US trade officials are considering increasing tariffs on European Union imports in response to a World Trade Organization (WTO) report related to a longstanding subsidy dispute involving Airbus.
US trade officials are considering increasing tariffs on European Union imports in response to a World Trade Organization (WTO) report related to a longstanding subsidy dispute involving Airbus.
That report, released 2 December, concludes that changes made to A350 and A380 development loans were insufficient to bring European governments into compliance with WTO recommendations.
“In light of today’s report and the lack of progress in efforts to resolve this dispute, the United States is initiating a process to assess increasing the tariff rates and subjecting additional EU products to the tariffs,” says the Office of the United States Trade Representative.
The agency says that next week it will publish a public notice about its evaluation of a tariff hike.
In October, the USA slapped 10% tariffs on large civil aircraft imported from Europe, and 25% tariffs on other imported products. Most of the tariffs affect items imported from France, Germany, Spain and the UK.
The tariffs responded to a WTO ruling in October that green-lit the US to impose $7.5 billion in annual tariffs on European goods as compensation for alleged subsidies received by Airbus from European governments. The subsidies involved A380 and A350 development loans.
Michael Probst, AP/Shutterstock
But as the tariffs took effect, a WTO compliance panel was examining whether the European Union and the countries had already taken steps to comply with WTO recommendations.
Now the compliance panel has issued a report that largely determines that subsidies have not been addressed.
“The panel therefore concluded that the European Union and certain member states failed to implement the recommendations and rulings… to bring its measures into conformity with its obligations,” says the WTO on its website.
The US trade office says: “Today’s findings reaffirmed that the subsidies continue to cause adverse effects, and found further that European governments even extended the subsidies by renegotiating launch aid with Airbus.”
Boeing calls the ruling “a complete loss for Airbus and its government sponsors”.
“It confirms what has long been clear: the EU has failed to comply with WTO rulings despite having years to do so, and billions of euros of illegal government subsidies to Airbus continue to harm the US aerospace industry,” says Boeing. “We hope that Airbus and the EU will now finally turn their energies to resolving this case.”
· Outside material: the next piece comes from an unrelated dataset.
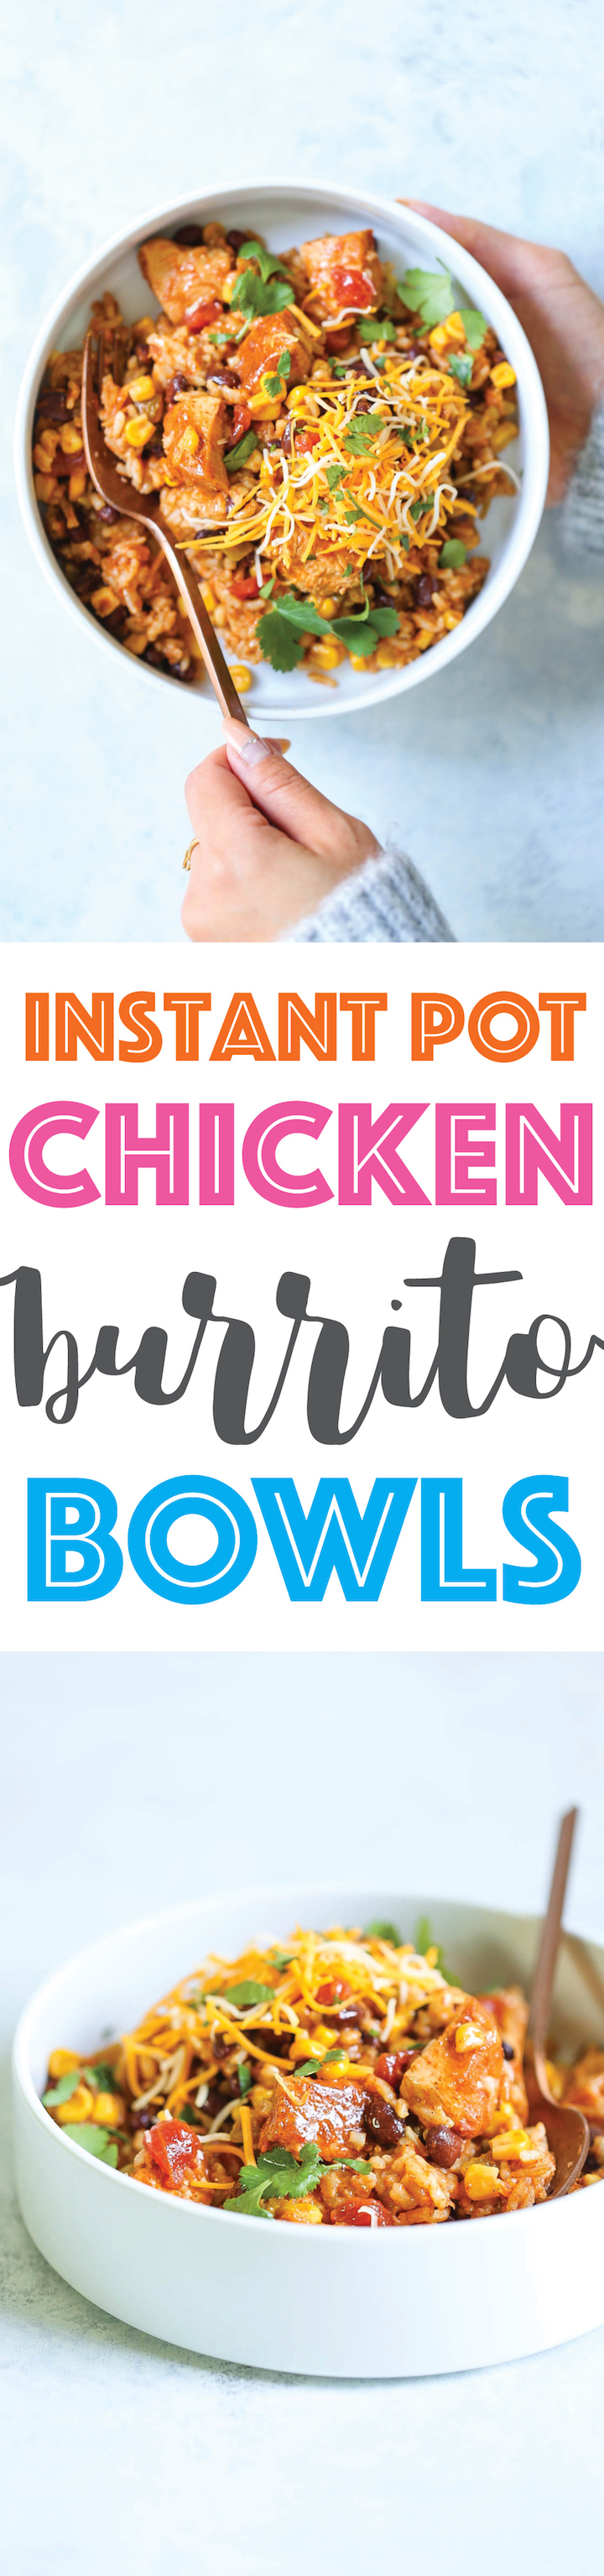 https://s23209.pcdn.co/wp-content/uploads/2018/02/Instant-Pot-Chicken-Burrito-Bowls.jpg
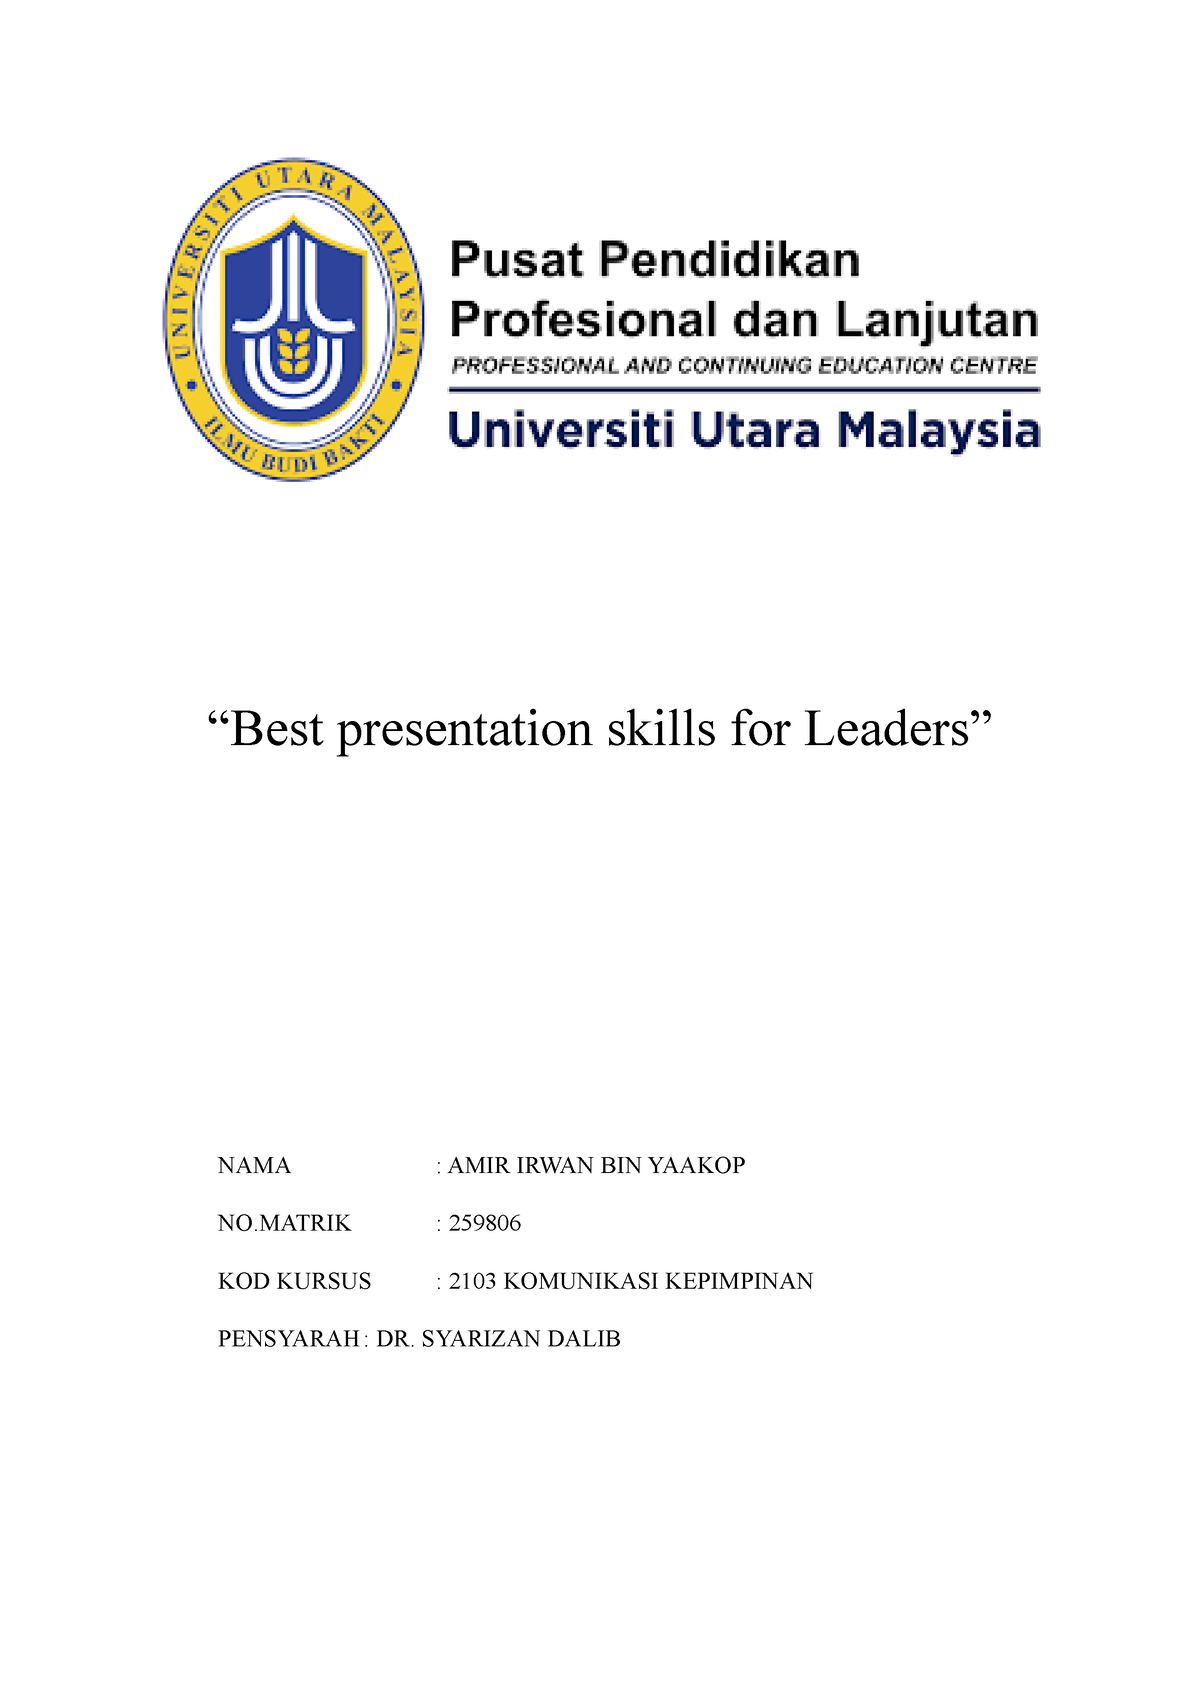 Leadership Assignment Individu - “Best presentation skills for Leaders

Airbus, meanwhile, read the WTO’s 2 December report entirely differently, insisting that the findings support a $2 billion annual reduction in tariffs.
The European airframer bases that figure on the WTO panel’s finding that A380 development loans no longer impact Boeing sales. Airbus is ending A380 production in 2021.
“The US Trade Representative now should accept the reality that loans made to Airbus in the early 2000s – for the development of a product that is no longer being sold – do not have an impact on Boeing sales,” says Airbus.